With being pretty well immobile for a couple weeks, and forbidden from practising with my team, the carbs moved in and decided to stay. With university just around the corner, I did what I could to keep myself in decent shape (and mainly to avoid gaining 300 pounds). I got a GoodLife membership, bought all the Jillian Michaels’ fitness videos, and even took up running. I was determined as ever, and there was no way I was gaining any more weight.

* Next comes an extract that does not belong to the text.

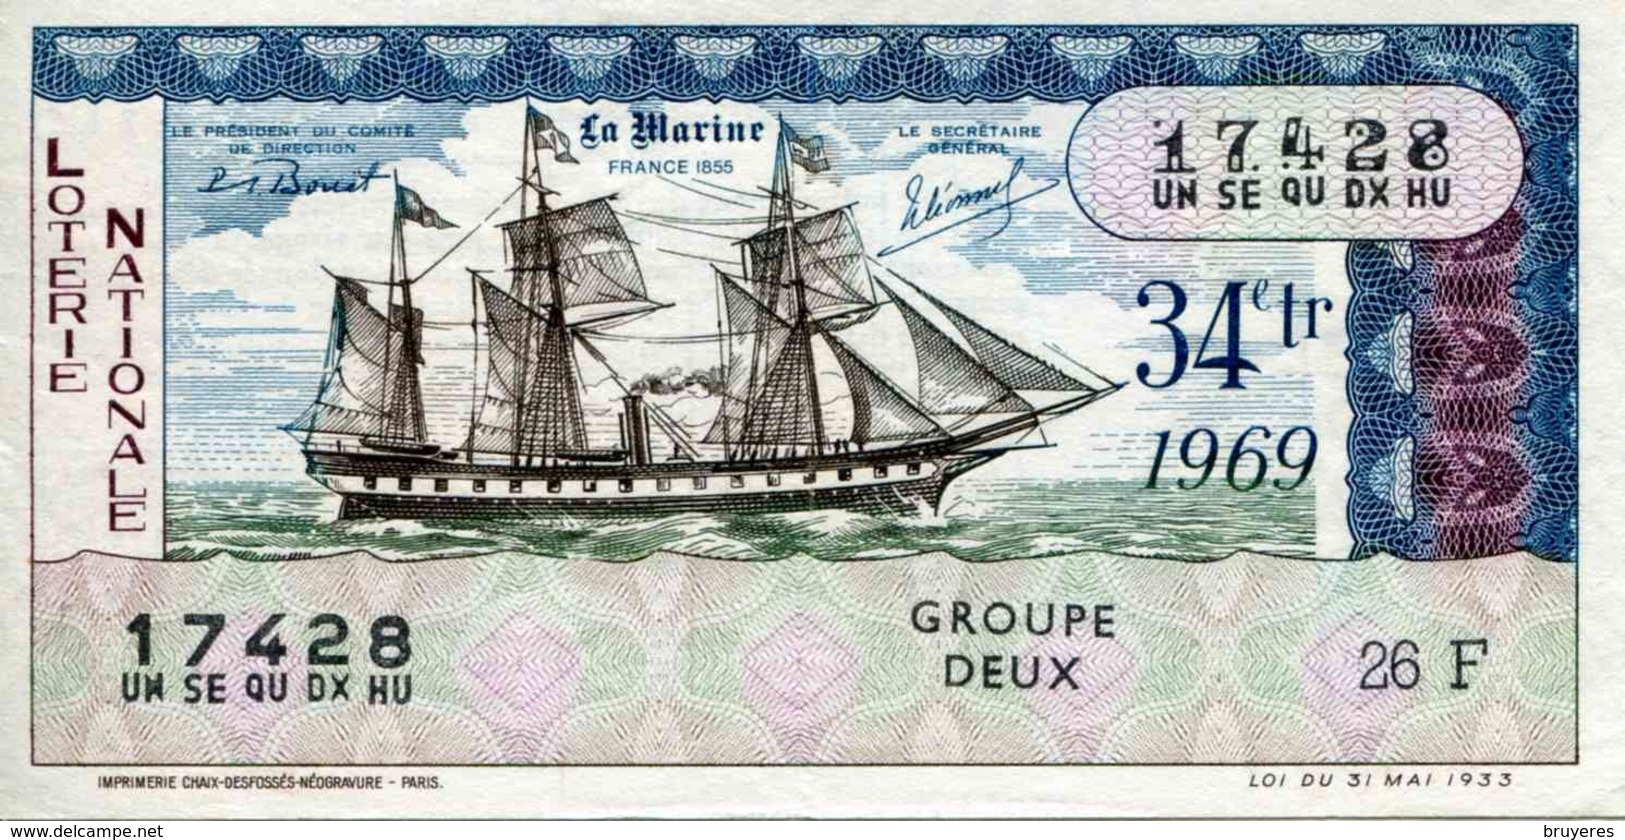 BILLET DE LOTERIE De 1969 Sur Le Thème "La Marine : FRANCE 1855" - Biglietti Della Lotteria

But alas, I did exactly that once I hit university. First year proved to be where my fitness regime died a slow painful death. From the alcohol to the copious amounts of tater tots conveniently placed inside my residence’s cafeteria, I was on a one-way trip to Fatville with the dreaded freshman 15 (okay, 30…) to keep me company.

THE PLAN

Something had to be done. In what physically and mentally felt like a slump, I started jotting down things I knew would make me happy. This resulted in the creation of my very own bucket list. The first thing on the list was to compete in aTough Mudder race. I figured that a healthy body and Tough Mudder went hand in hand, so it would be a two-bird-one-stone type of deal. On November 12, 2013 I took the plunge and signed myself up to compete in the Toronto Tough Mudder on August 16, 2014.

Now, if you do not know what Tough Mudder is, I’ll sum it up in a few words: omg, mud, dirt, fire, pain, ice cold water. Sounds dreamy, right? You’re probably questioning my sanity at this point, but there was something about this specific race that lured me in—I needed that rush, I needed that Tough Mudder headband, and I needed to feel the accomplishment of fulfilling my dream.

Before I began training, I knew two things had to change: my eating habits and my workouts. A Tough Mudder course incorporates more than just running for countless kilometres on end. All together, the course runs for 18-20 km with various types of obstacles you and your team must conquer. And I’m not talking ‘run through these tires’ type of obstacles—I’m talking trudging through trenches caged by barbed-wire, jumping through flames, and crawling through muddy water dodging electric wires that feel as though you are getting a jump start. CLEARLY I had to up my exercise game so my body could endure all of this madness, but first I needed to clear up my diet.